Materials relate grade-level concepts explicitly to prior knowledge from earlier grades. Examples include:

• Unit 2, Lesson 2.2, Teacher Guide, Starter Choice Board Overview identifies prior grade level skills with their standard. “Starter Choice Board Overview Storyboard: Storyboard: Solve a proportion (7.RP.A.3) Building Blocks: Solve one-step multiplication equations (6.EE.B.7) Blast from the Past: Compute a measurement conversion (4.MD.A.2, 6.RP.A.3) Fluency Board Skills: Solve one-step equations, add and subtract decimals, plot fractions and decimals on a number line.” The Lesson Planning Guidance: Day 1 supports teachers in choosing the activity that supports the needs of their students. An example is, “In this lesson, the “Building Blocks” task asks students to access background knowledge on solving one-step multiplication equations. Use this activity if many of your students need support in recalling this skill. Consider using Expert Crayons to have students move around the room supporting each other. Choose the Starter Choice Board’s “Blast from the Past” task to give students an opportunity to utilize problem solving skills involving computing a measurement conversion.”

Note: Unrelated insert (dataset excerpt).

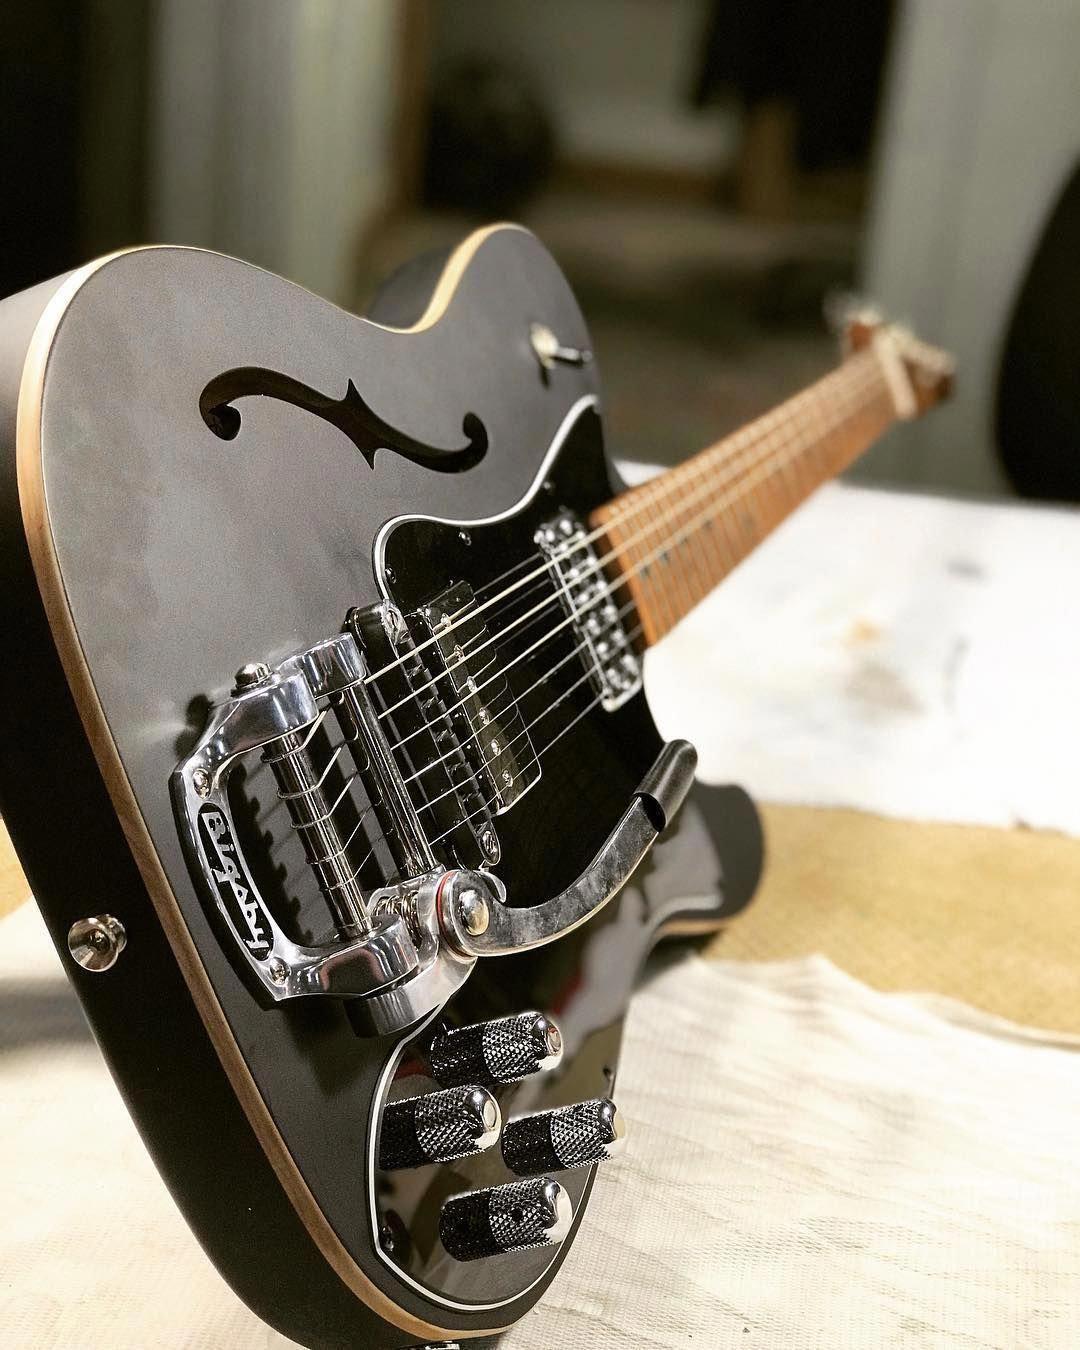 ผลการค้นหารูปภาพสำหรับ Stratocaster  guitar
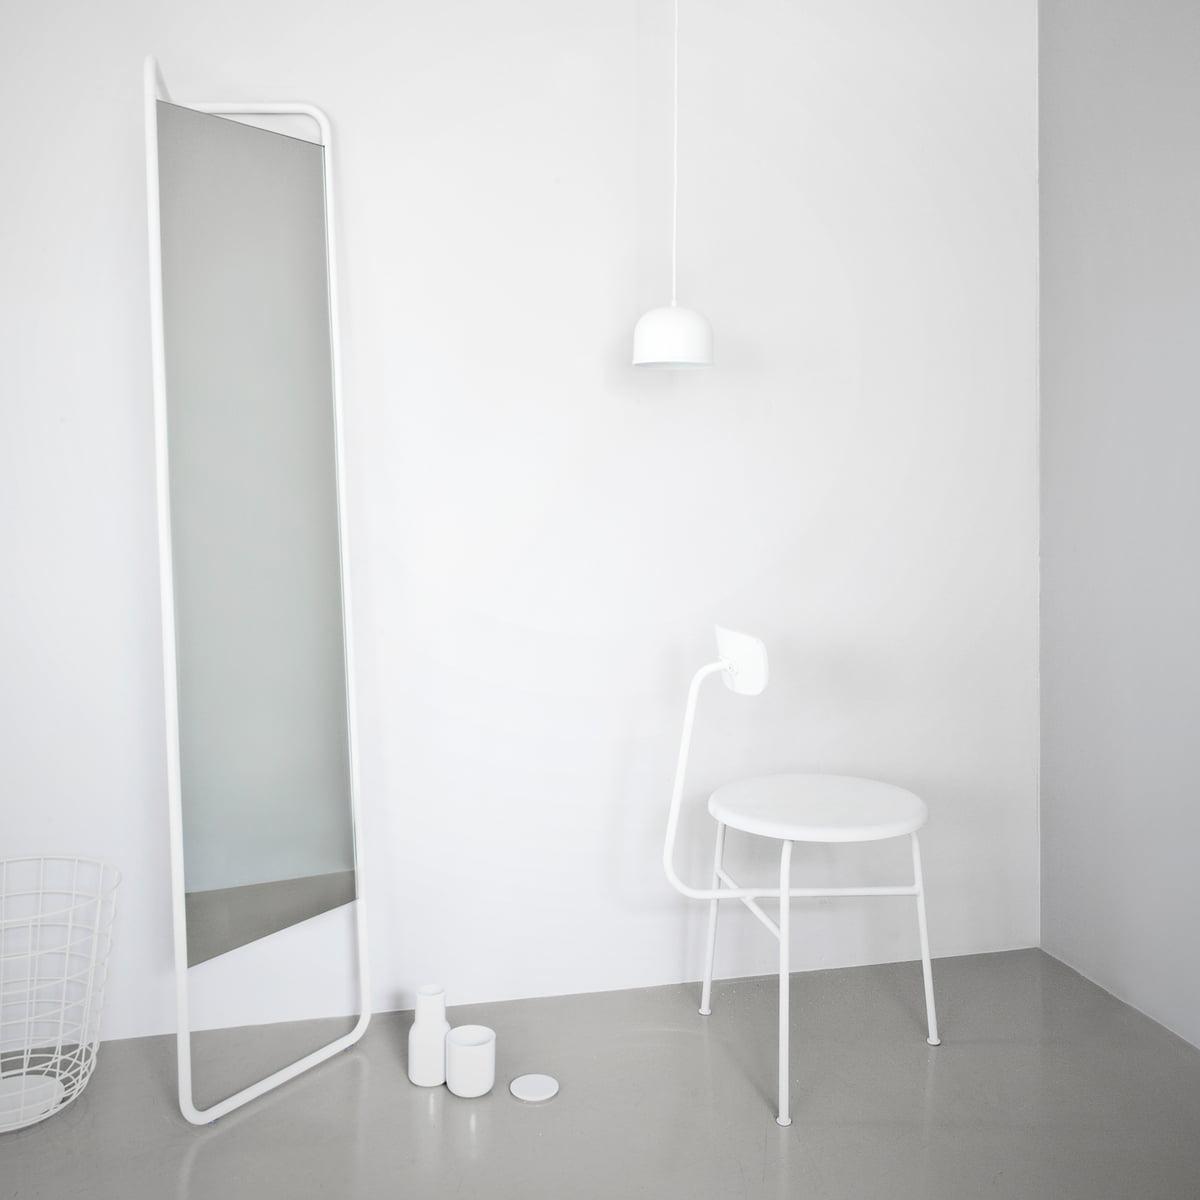 Kaschkasch spiegel von menu im design shop for Designer spiegel shop

• Unit 6, Planning and Assessment, Unit Overview, Standards Correlation, indicates that lesson 6.2 connects to 6.EE.A.2. “This unit includes Focus Content Standards across two domains and two grade levels. In the first lesson, students’ concentration on the Number System domain within the Grade 7 standards will conclude, though students will continually apply rational number operations in this course and beyond. The remainder of the unit transitions into the Expressions and Equations domain by revisiting prerequisite work from Grade 6 (6.EE.A.) and beginning investigations into the last two major clusters of the year. The Grade 7 standards in this unit are formatively assessed throughout the unit and summatively assessed in the unit’s Test Prep, Performance Assessment and Unit Assessments.”

• Unit 7, Planning and Assessment, Unit Overview, Content Analysis highlights prior grade-level skills, such as solving one-step equations and inequalities, aligned with standards 6.EE.B.7 and 6.EE.B.8. “This unit builds directly upon students’ work in Grade 6 with equations and inequalities. While the Grade 6 standards limited this work to one-step equations and inequalities, the Grade 7 standards focus on solving multi-step equations and inequalities, limited to equations in the forms px + q = r or p(x + q) = r and inequalities in the forms px + q < or > r.”